We are inundated with big doses of false information and fake news on the Internet and Facebook. And I do not mean opinion pieces; I mean fabricated news stories – the kinds of “news” based not on facts but on the wild vagaries of the writers’ mischievous or malicious imaginations.

Fake news is nothing new. Supermarket tabloids have long been the granddaddies of fake news. We can all recall seeing their loud lunatic headlines while waiting in check-out lines: Aliens Land on White House Lawn, Enjoy Pancake Breakfast with President!

Just the other day, while writing a news story about Trump’s victory, I Googled this question: “How many electoral votes did Trump win?” The first “news” story that popped up was one claiming Trump had won the electoral votes and the popular votes. It didn’t seem on the level, so I checked news sources online and several newspapers. That “news” story, as I suspected, was fake, even though it “looked” real.

Here are just some recent headlines of fake “news” stories:

  • President Obama signs executive order banning the sale of assault weapons.
  • Coca-Cola recalls Dasani waters after clear parasite worm was found in bottles across U.S.
  • Trump wins the presidency and Ford shifts truck production from Mexico to Ohio!

Facebook founder Mark Zuckerberg just announced he and others are developing ways to keep fake stories off of Facebook. Good luck. The sheer extent of junk and hoaxes on the Internet these days will make the task virtually impossible.

Why do people put such hoaxes online? Some, I suppose, like to play tricks on the gullible. Many make money by pumping out fake stories with ads to cyber surfers. Others invent bogus news to smear their opponents, and still others create false stories just because they can.

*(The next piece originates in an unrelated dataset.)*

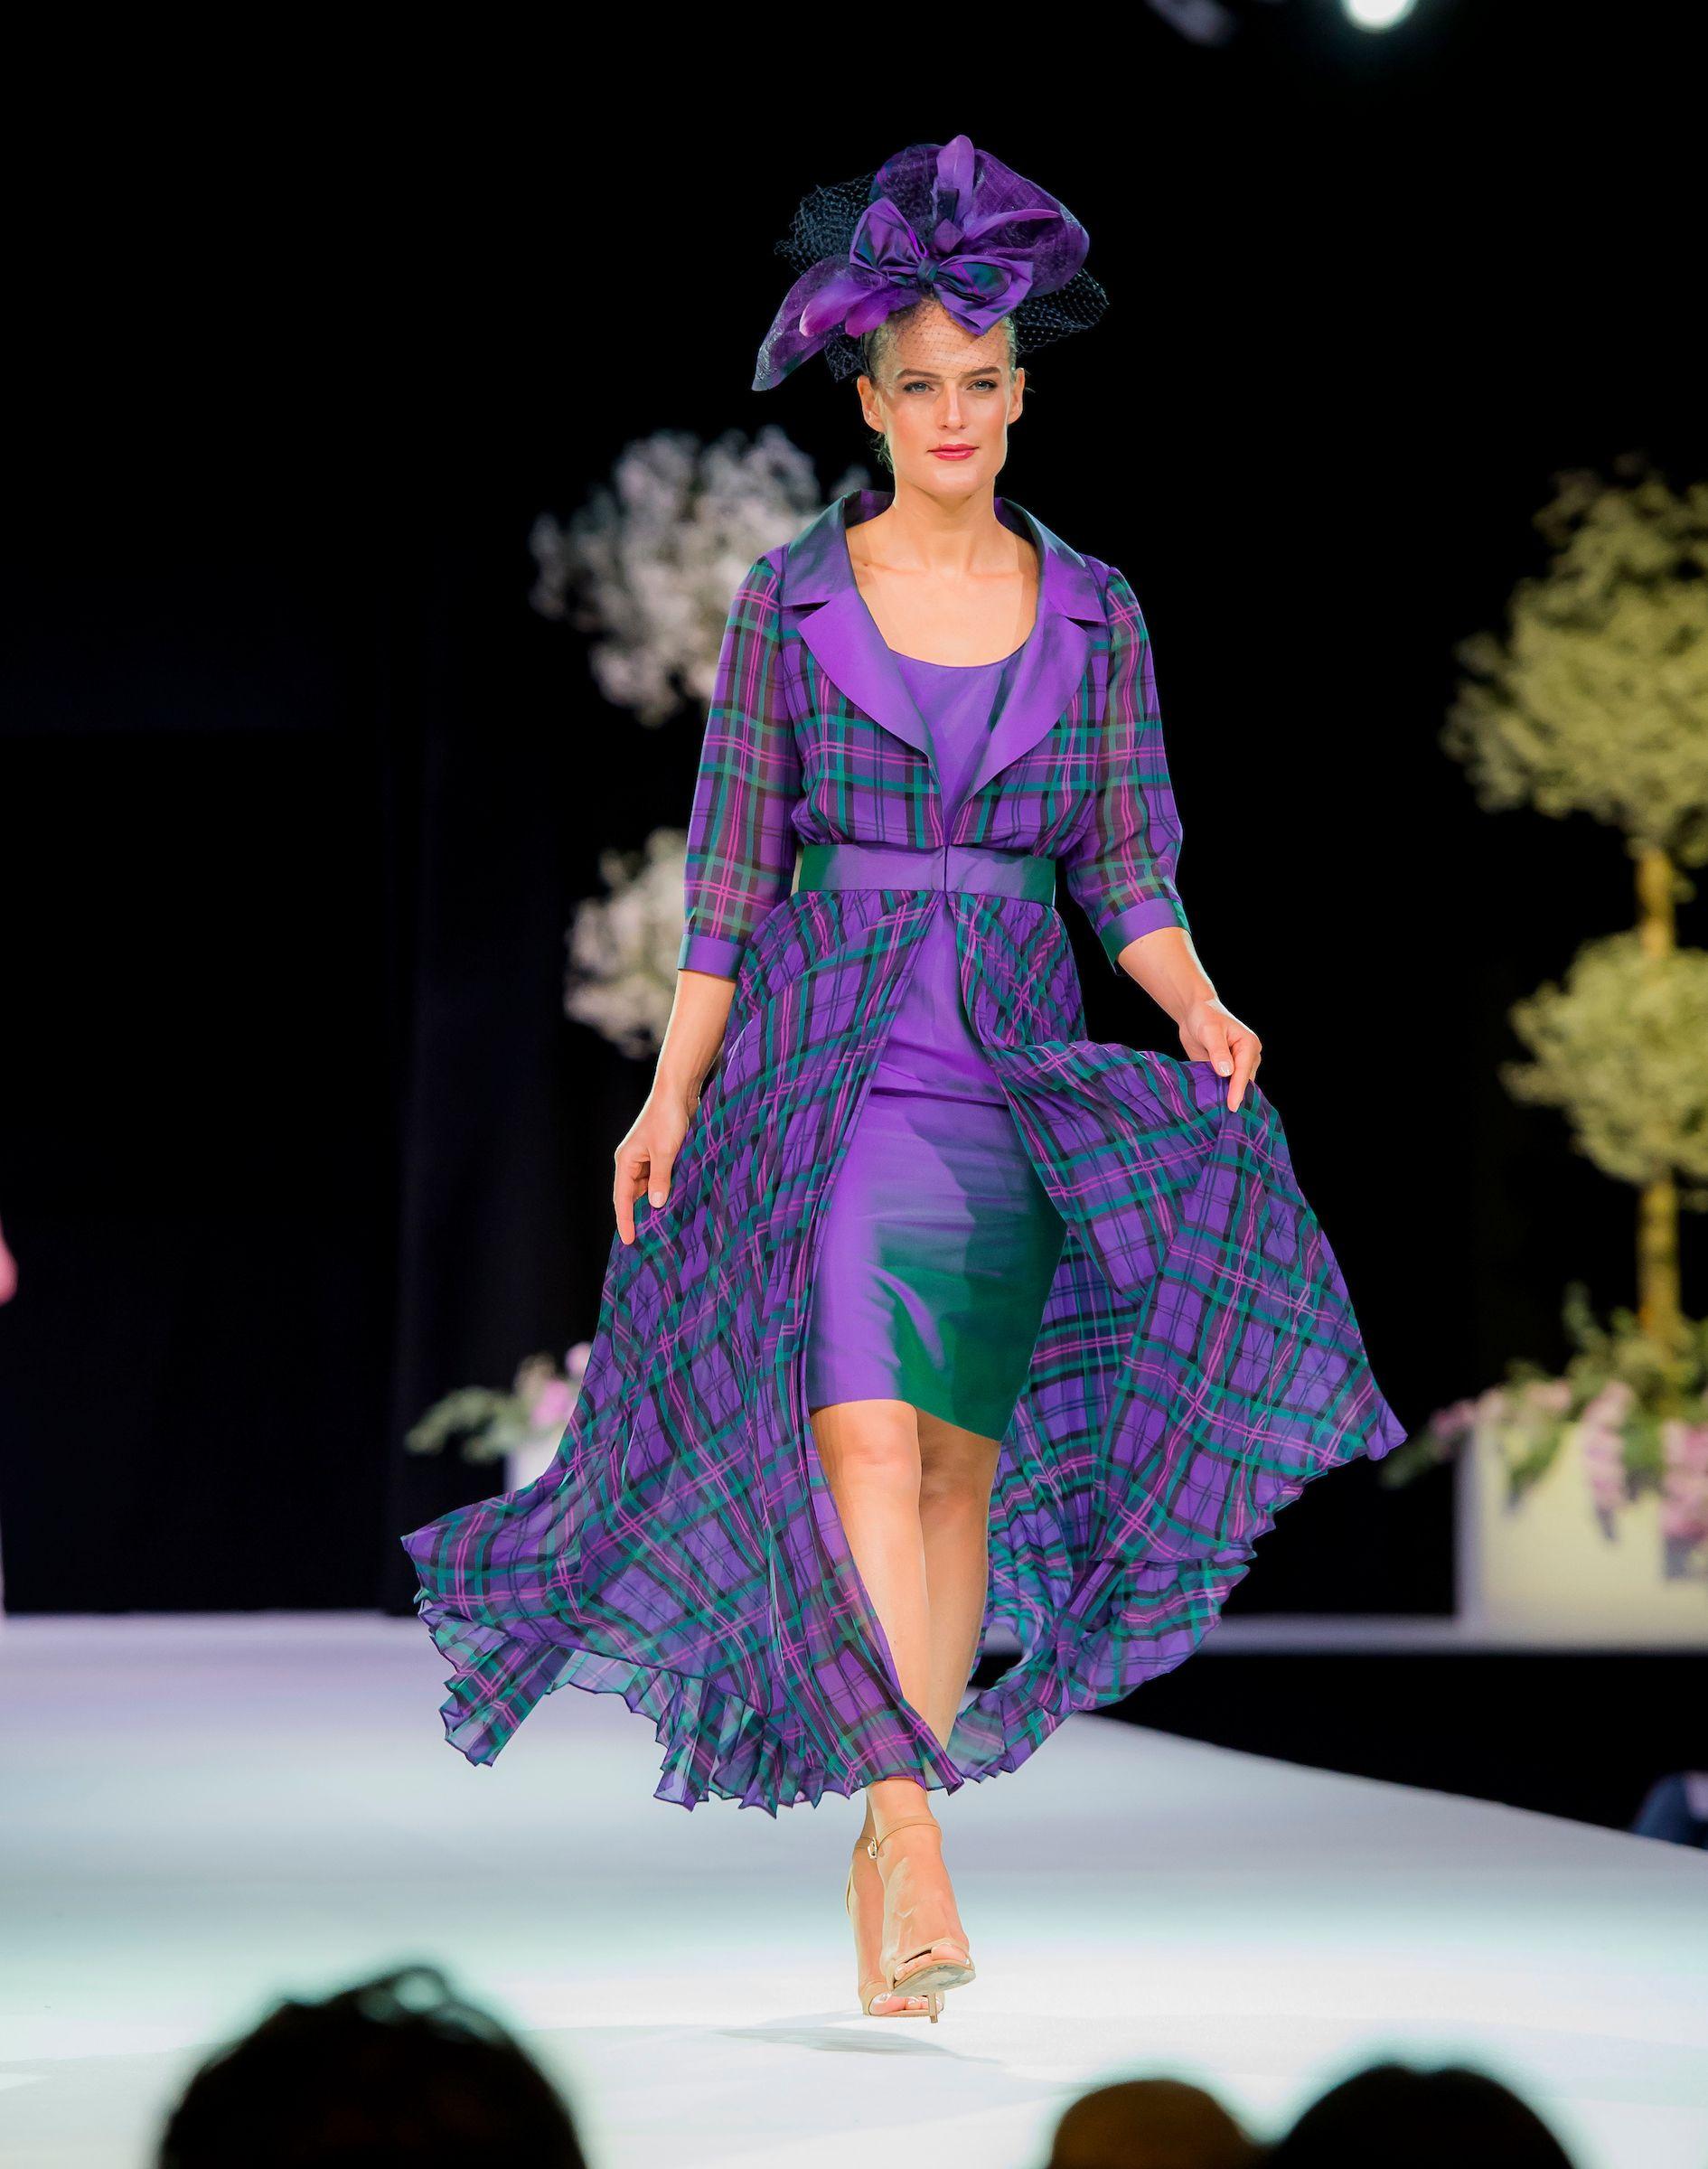 Scottish wedding dresses  Tartan chiffon dress and coat made to measure  Bridal  Pinterest

Years ago, we all had three or four TV stations, a hometown newspaper and maybe access to a metro paper. We tuned in every evening to watch our trusty news anchors, like Walter Cronkite, tell us what happened in the world that day. We were more or less on the same page.

When cable TV, news and information options proliferated, with ‘round the clock access to a variety of “takes” on a news event and multiple reactions, it was, mostly, a good broadening of news sources and informational access.

Along came the Internet, which was supposed to open up a Brand New World of information and news at our fingertips. And that it did, in aces and spades. But along with the good came the bad: a barrage of junk, dumb trivia, misinformation, hoaxes, fake news stories and just plain crap.

Facebook arrived. It personalized everything, to the point that like-minded people share not just minutiae from their lives but also information and news copied-and-pasted from other sites. Some do not care if the “news” is true or not, as long as it agrees with their political-emotional mindsets or as long as it’s “entertaining,” such as “Hillary is an android disguised as a human in pants suits” or “Trump has brain damage due to early fall from crib.”

Facebook feeds information to its customers based on user patterns – what each person likes to see and read. That can create a cocoon-like insularity in some users, especially those who do not read books or newspapers, or who do not view other sources of information on a regular basis.

And it’s no wonder, considering the attacks against “establishment” media by – for example – power brokers like Donald Trump who claimed like an angry child in a tantrum that the media were “rigging” the election against him, the election he later won, thanks to months of free media coverage. Go figure.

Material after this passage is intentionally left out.